HALO Trust’s UXO-clearance work opens up new farmland for the Lao to cultivate. Yet, until recently, collecting and selling scrap metal from unexploded and exploded bombs provided the main source of cash income to farmers on the trail. American scrap metal made for better bartering than rice. But a steep drop in scrap-metal prices in Laos (to less than 20 percent of its peak), coupled with provincial laws banning the war-scrap trade, has left the Lao living on the trail worse off than they’ve been in years.
“No one comes to buy them anymore,” Sumta said of the exploded and unexploded bombs he once sold to Vietnamese scrap dealers. With money earned from the scrap trade, Sumta, 55, bought his family of six rice and food, and even built his tin-roofed hut, which teeters among the 66 bomb craters, some as large as 25 feet in diameter, that pockmark Kokmak Village.
Today his family’s sole income is the 30 to 50 bags of rice they harvest each year from their small plot of land. “It’s not enough to survive,” Sumta said. When I met him, he’d come from the rainforest with a slingshot in hand and a grin on his face. He’d shot a bird, he explained. When I asked to see it, his smile broadened, “I already ate it.” Hunger is still a nagging problem in the area, and the Lao scavenge the jungle for mushrooms and bamboo to eat and hunt birds with slingshots and muzzle-loaded rifles. A 2005 report commissioned by UNICEF and conducted by the Geneva International Centre for Humanitarian Demining found that in one of three surveyed districts 70 percent of families in the area collected and sold war scrap.

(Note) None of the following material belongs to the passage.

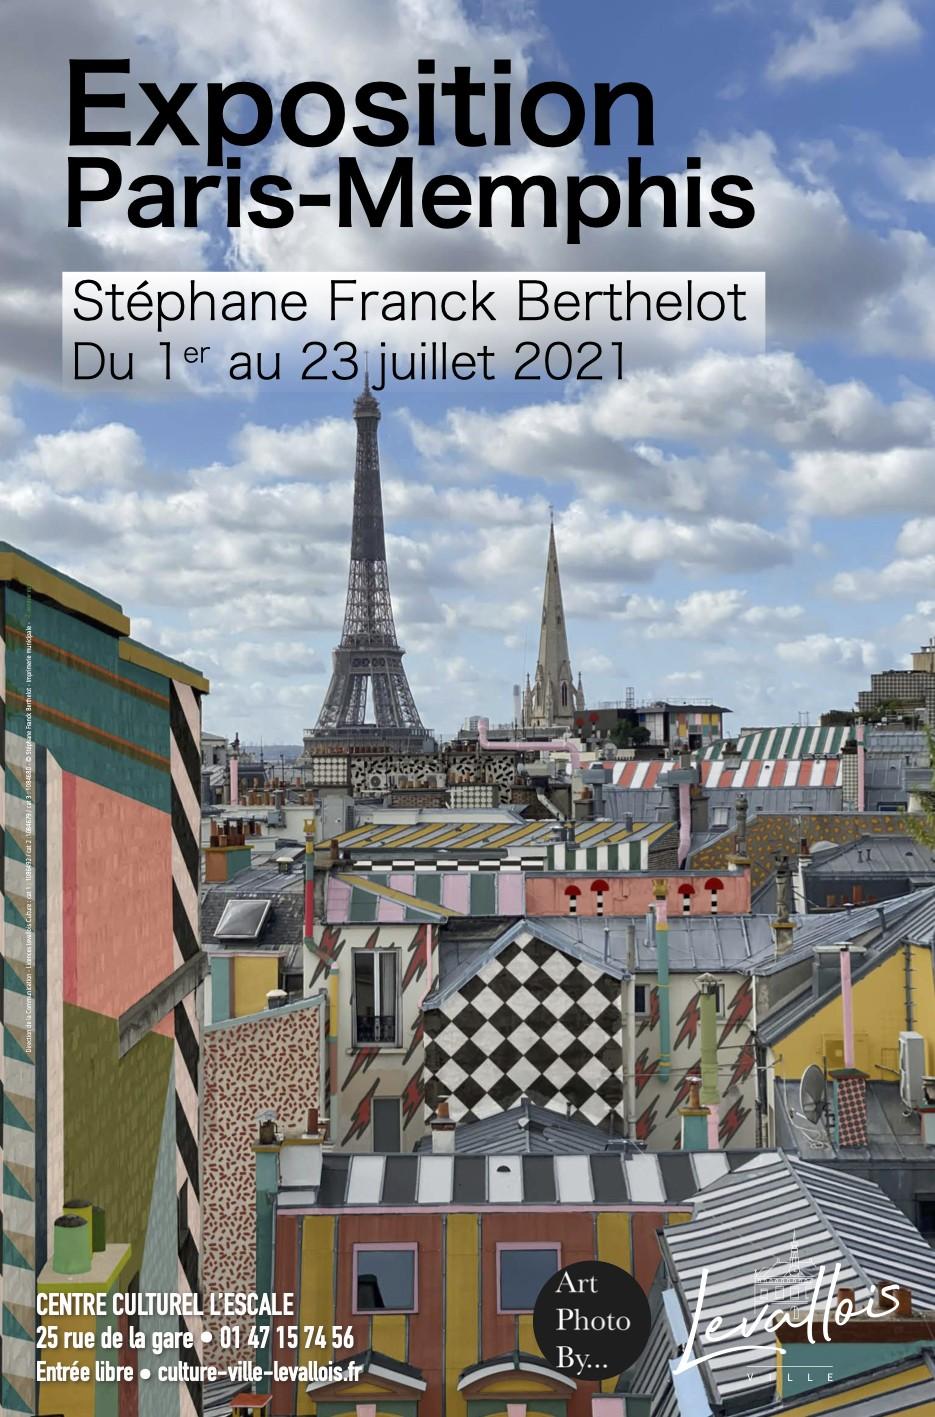 STEPHANE FRANCK BERTHELOT

In the past ten years, the deadly consequences have been felt along the deteriorating dirt road that slithers into the jungle. At Kokmak Village, the scrap trade has claimed three lives. Three more villagers died in Gaang Village, four at Pakay Village, and, at Ka Toh Village, where Somphone farms among cluster bombs, UXO has claimed the lives of four children and two adults.
“We’d sell the metal or trade it for clothes, for food,” Somphone recalled. “We didn’t have enough food to eat.” In 2007, his eldest son, Koi, 37, found a bomb in the jungle and carried it home to dismantle and sell. It looked like a big bullet, and he hacked at the fuse with a machete. When it detonated, he and his hut exploded.
Ka Toh’s chief acknowledged that villagers desperate to sell metal caused four of the village’s six UXO deaths. “Back when the price was high, the whole village went hunting scrap, what else could we do?” he said. “We need the money.”
American bombs contaminate farmland and impede broader economic development. At a Chinese-owned iron mine on the trail, bombies have slowed production as they lace the iron ore. Construction of the Nam Theun 2, a hydroelectric dam in the area, required bomb clearance. So too did the planting of a eucalyptus plantation by a European paper company and the construction of Ka Toh’s schoolhouse. Every development project requires UXO clearance.
With few options to escape poverty, Lao farmers are waiting for Vietnamese scrap dealers’ carts and trucks to return to the trail. “When the metal price goes back up,” Ka Toh’s chief said with a laugh. “We’ll definitely get back to looking for the bomb scrap.”